» **Exercise aim**
Everything below from the line with "Barrow Barow Sweatshirt In Nero/black" through the line with "WestMoon Multi Strand Leather Bracelet White" must be retyped exactly, except the pictures.

» **Material provided**
:::::

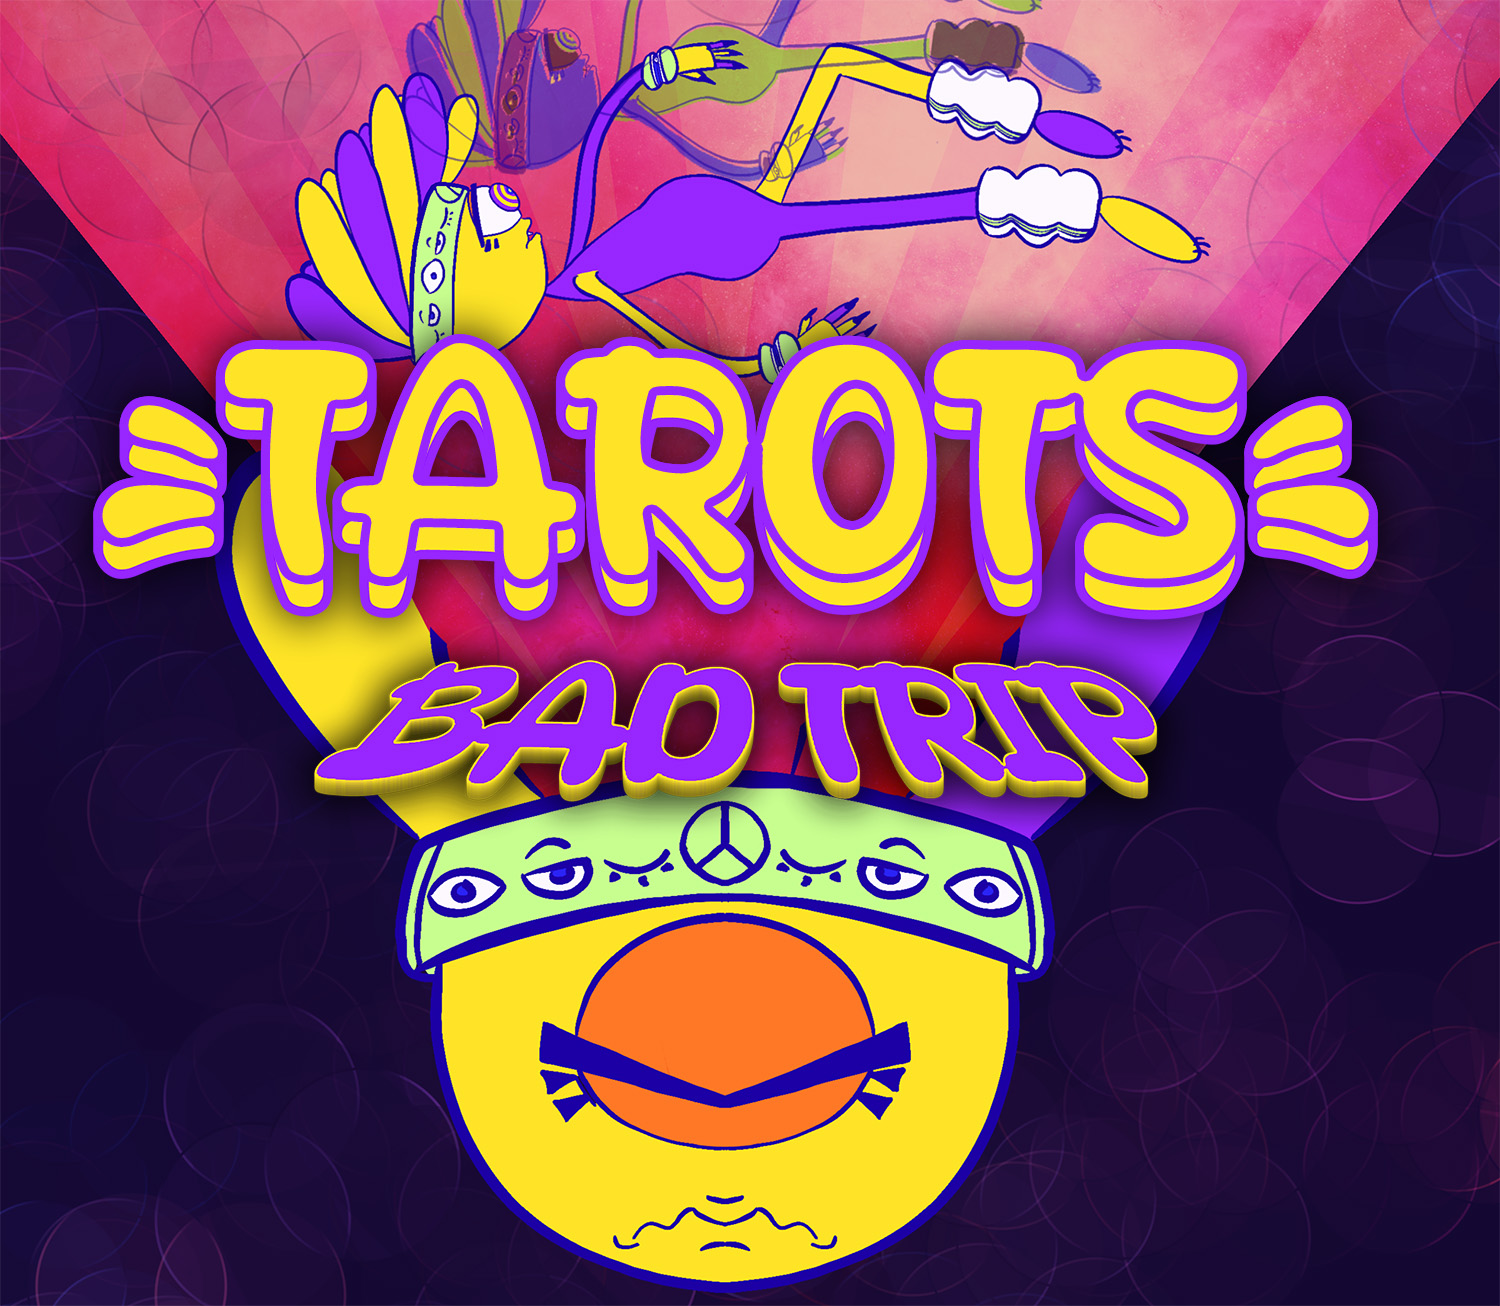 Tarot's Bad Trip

:::::

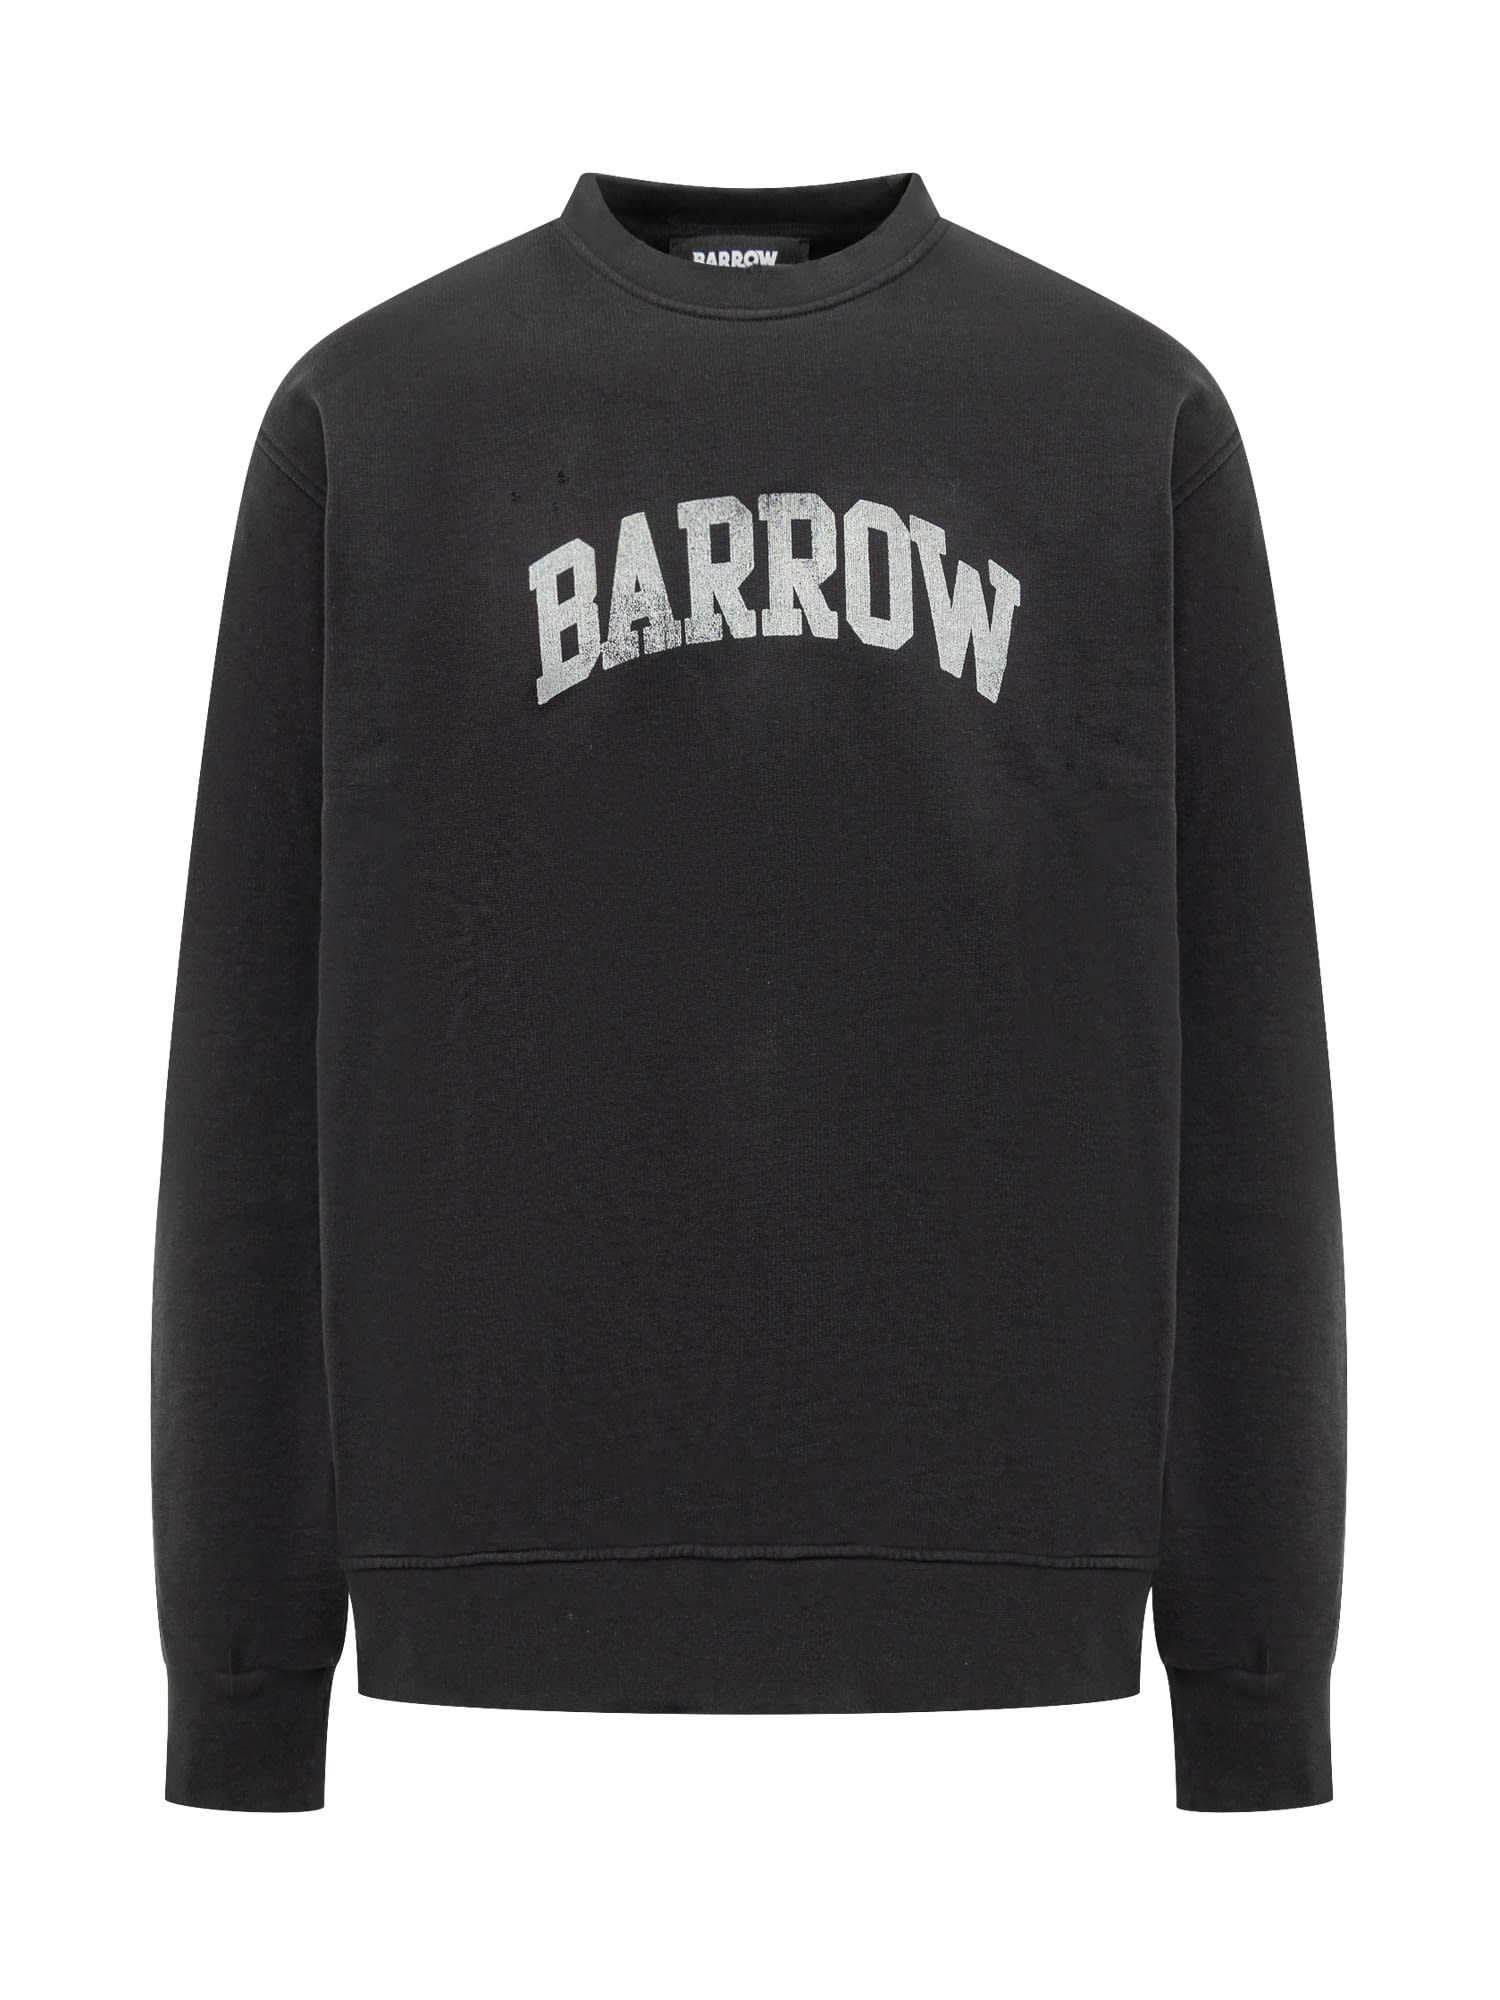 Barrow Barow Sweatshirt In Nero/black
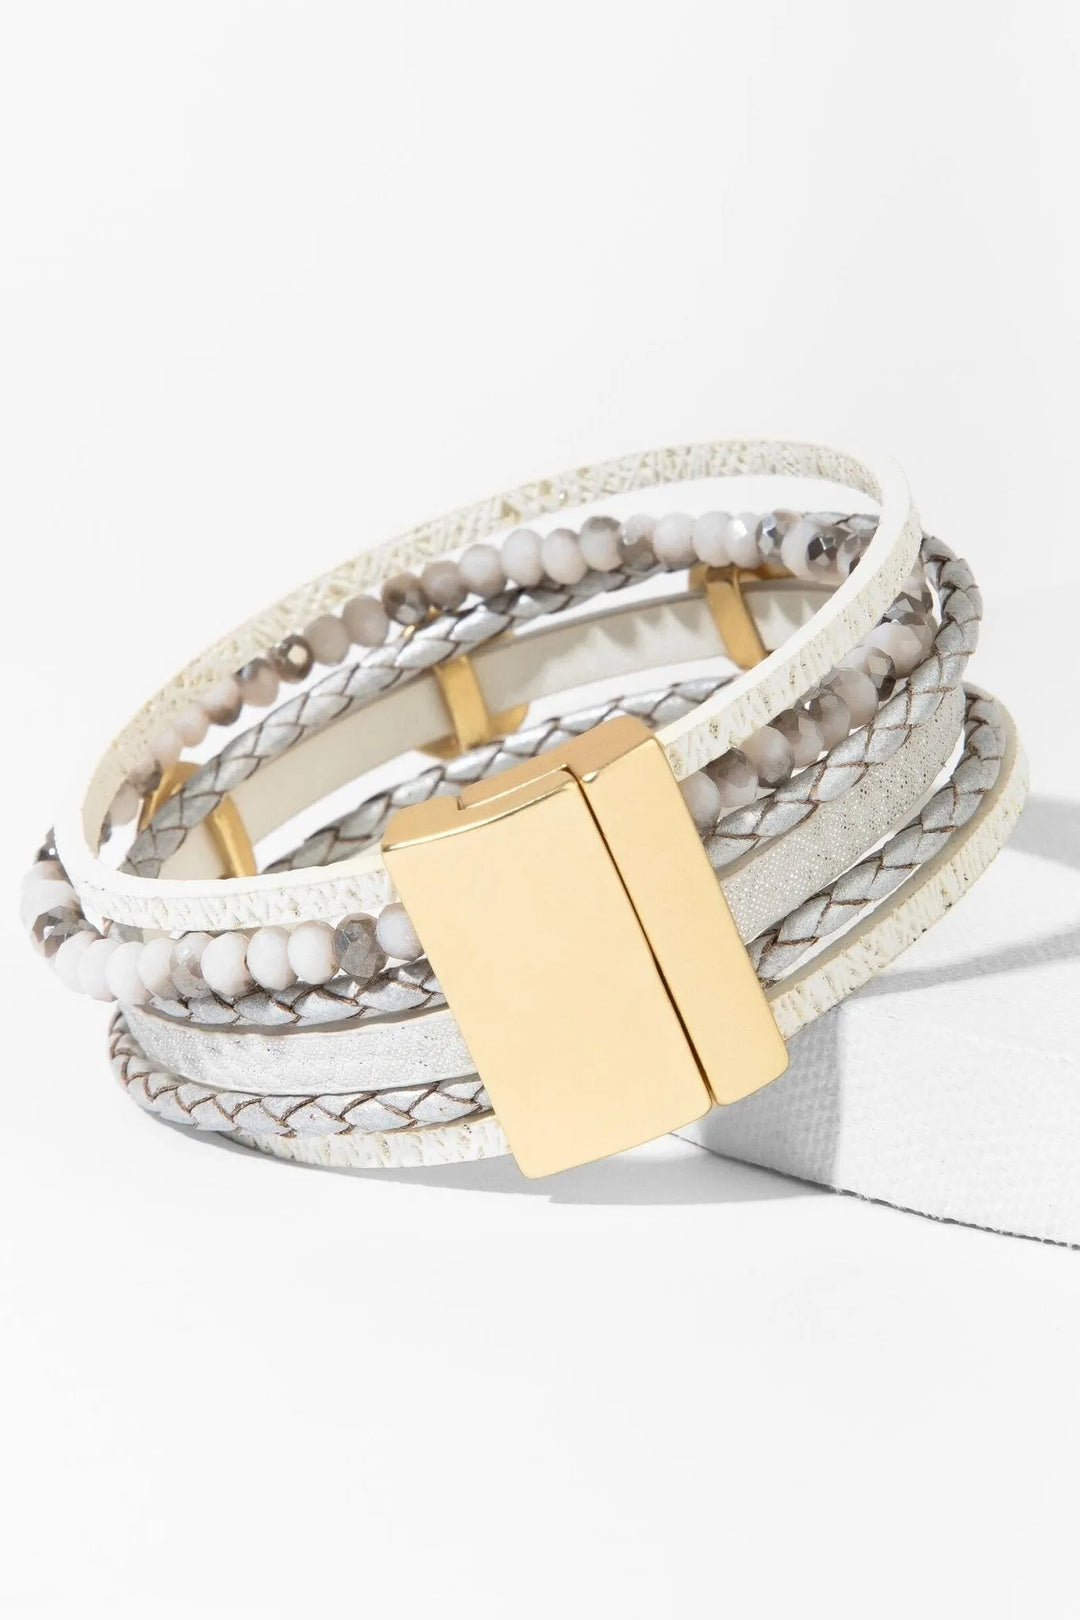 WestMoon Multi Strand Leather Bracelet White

:::::

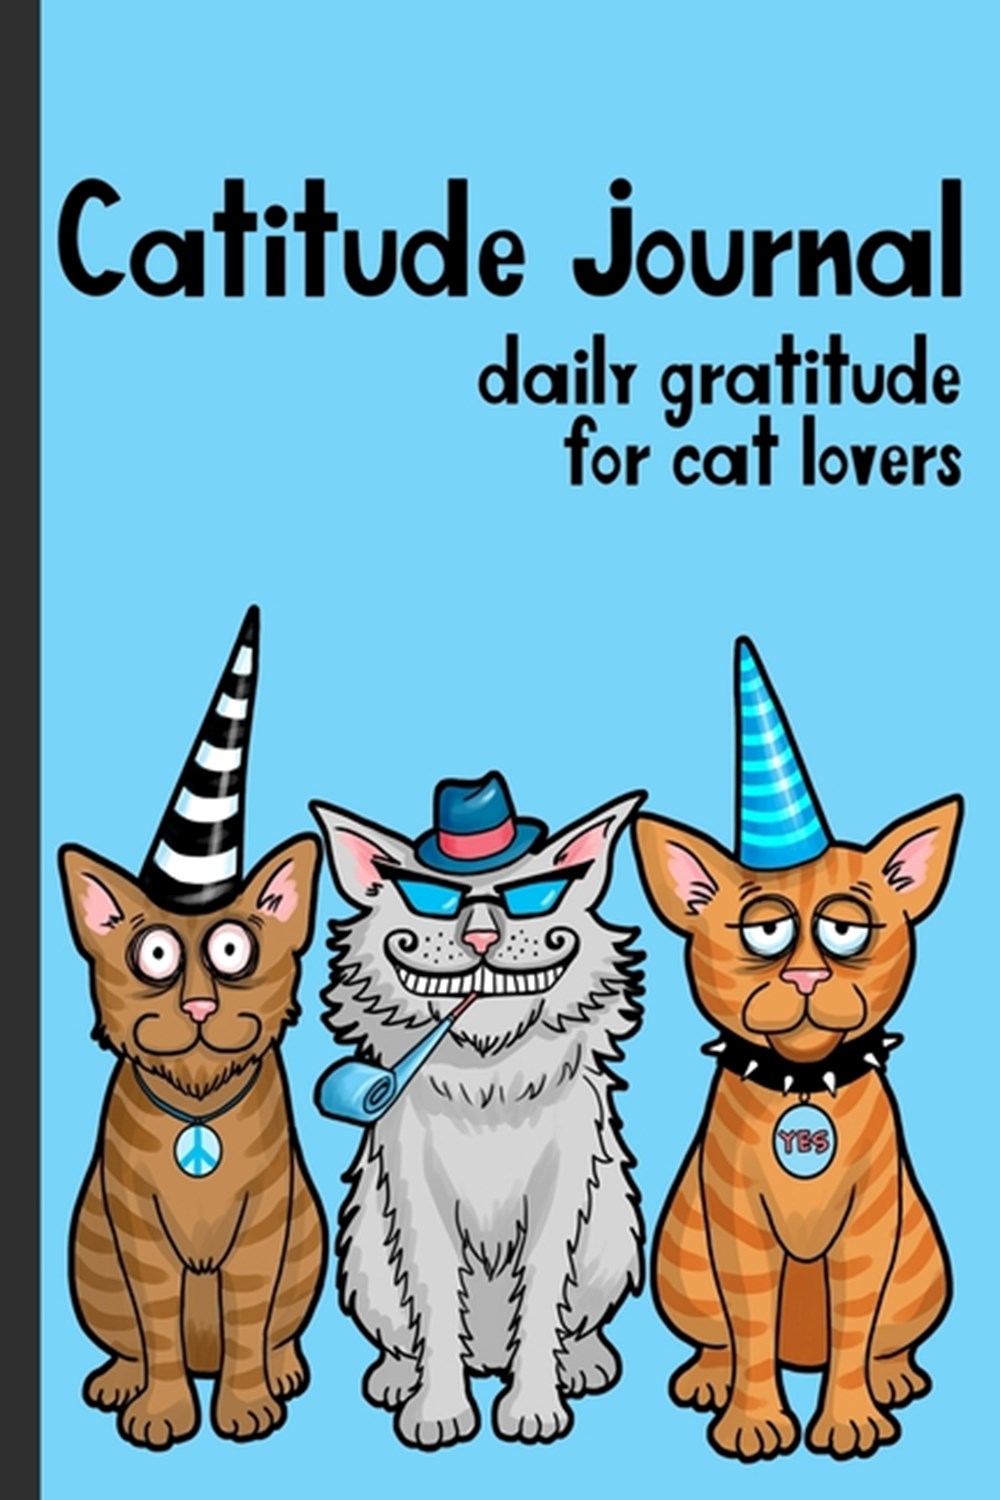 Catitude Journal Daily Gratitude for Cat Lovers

:::::

» **Output for this task**
 Barrow Barow Sweatshirt In Nero/black
 WestMoon Multi Strand Leather Bracelet White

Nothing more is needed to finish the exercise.